Knifed & Spooned

Knifed & Spooned is a publication dedicated to the review of record reviews published on Pitchfork. Pitchfork reviews are each disseminated before being assigned a numerical value on an arbitrary scale, which we prefer not to divulge. Contributions are made by journalists, editors, established artists and readers like you. This site does not review records and should be viewed only as meta-commentary on a singular phenomenon of popular culture.

Wednesday, October 18, 2006

A Review of Ryan Dombal’s Review of Badly Drawn Boy’s Born in the U.K. 6.8

Is it me, or does the word “penultimate” get misused a lot? I always hear it used to reference the paramount instead of the nearly-best of something. For example, if you were to say that London Calling was the penultimate achievement in the Clash’s catalogue, you’d be lying and I’d have no choice but to shove you ass first down a flight of stairs. Dombal says the following of Born in the U.K.:

”The Time of Times", the penultimate song on Damon Gough's fifth album in six years, recycles the chord progression and guitar melody from "The Shining", the first song on his first album, 2000's justly loved The Hour of Bewilderbeast. The obvious bit of self-reference is a disheartening representation of how much this once-promising Brit has squandered his potential.”

He goes on to lament the lack of progress for Badly Drawn Boy five albums later, lamenting overwrought orchestration and “bumptious piano” (note to self: insert “bumptious” in every conversation). One might wonder how many would complain about the lack innovation if this were the third Badly Drawn Boy album in six years instead of the fifth. Dombal doesn’t seem to hold such productivity suspect, instead fingering a move to a major label and commercial ambition as the culprit responsible for sentimentally retarded songwriting.

If Badly Drawn Boy hasn’t shown much artistic development over six years, I find it hard to believe a label upgrade would spur a radical change in approach. Nah, more likely the canned themes and sentimentality have always lingered in the foreground, only now they’ve become the target of critical backlash. So more to the point, how does an artist create a bulwark (good scrabble word) of past accolades to protect them from an onslaught of changing winds and critical digs? I’m glad I asked.

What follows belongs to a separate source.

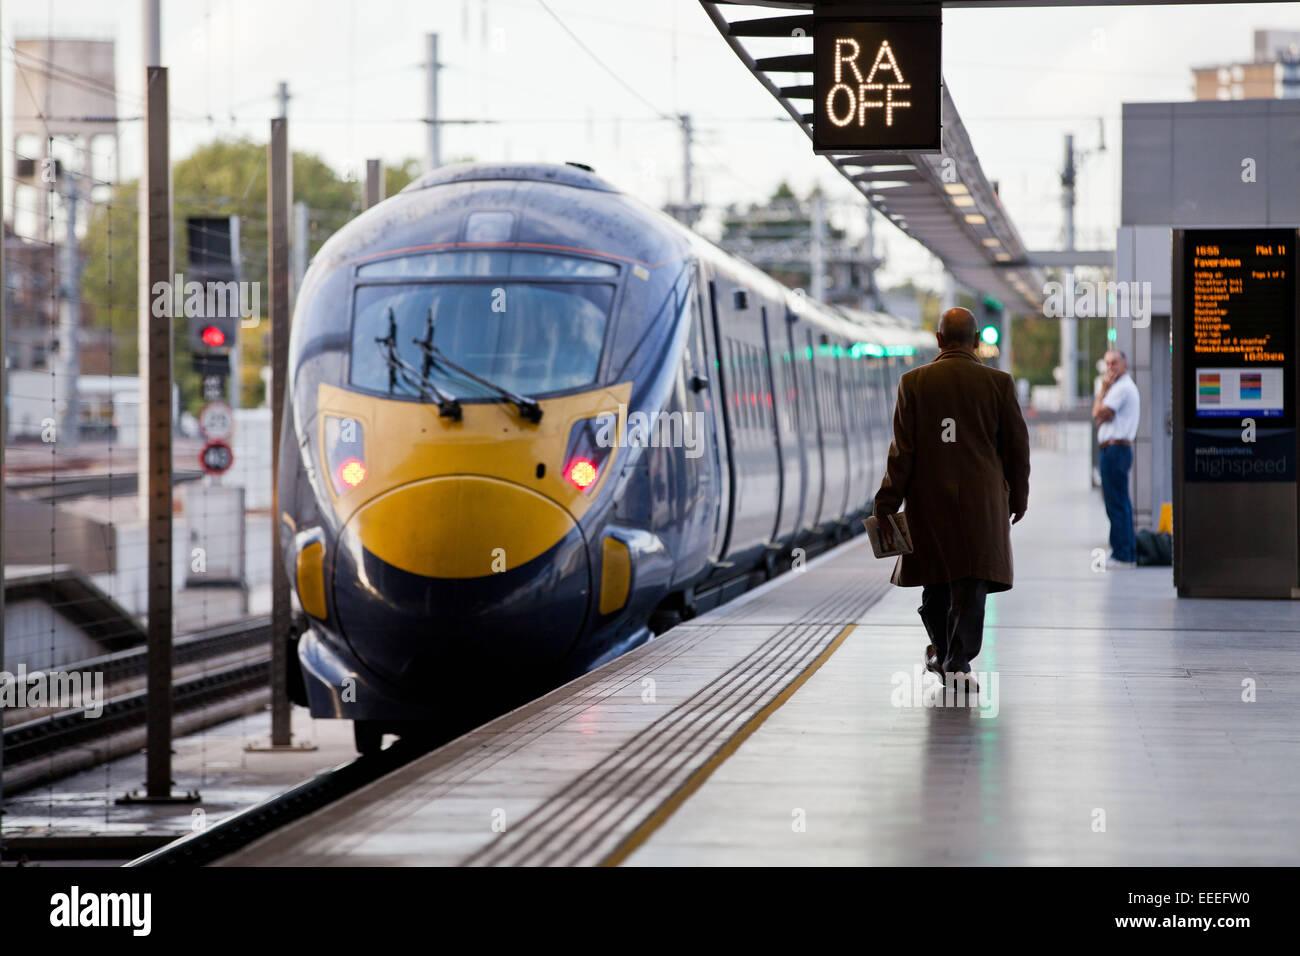 Classe 395 Southeastern treno ad alta velocità presso la piattaforma a St Pancras International Immagini Stock

1) Don’t ever (EVER!) allude to Springsteen. This year, every record sounds like Springsteen (according to Pitchfork). Certainly there are more respectable ways to embark upon a personal quest to become entirely lame.
2) When you’ve reached the apex of your critical trajectory, do a covers record or a release under a different name entirely. Scoff all you want, but while you were scoffing Spencer Krug just started three new bands and Joanna Newsom’s brushing up on her covers of “Bicycle Race” and “Venus as a Boy”.
3) Fake insanity or instability. Critics give artists all kinds of creative license that they would otherwise deny to fully capable and deserving musicians.
4) Attribute ambitious conceptual conceit to your work (but don’t collaborate with your grandmother)

Dombal gets a mouthful of bile from some atrocious lyrics, but the enjoyment I get from listening to shitty love songs is learning what statements of love are considered universal. Isn’t the real reason some of us find a line like “I’ll be by your side, believe me” or “But how will we carry on when all of these things have gone” is that they’re vacuous and devoid of specifics? How is that more romantic than brushing your teeth while your lover takes a shit?

Rather than imply some grandiose interpretation of Born in the U.K., Dombal safely chooses to point to Badly Drawn Boy’s lack of direction. While the bland compositions warrant mention but little illustration, the reference to underwhelming lyrics and exhuasted themes paints the portrait of an artist either a little lost, a little bored or both.

-- Dan


At 11:25 AM, Blogger JordanC said...

Penultimate most commonly means "next-to-last".

At 2:12 PM, Blogger Knifed & Spooned said...

Penult being the base as opposed to ultimate. That makes sense. Of course, it would mean the very best pen.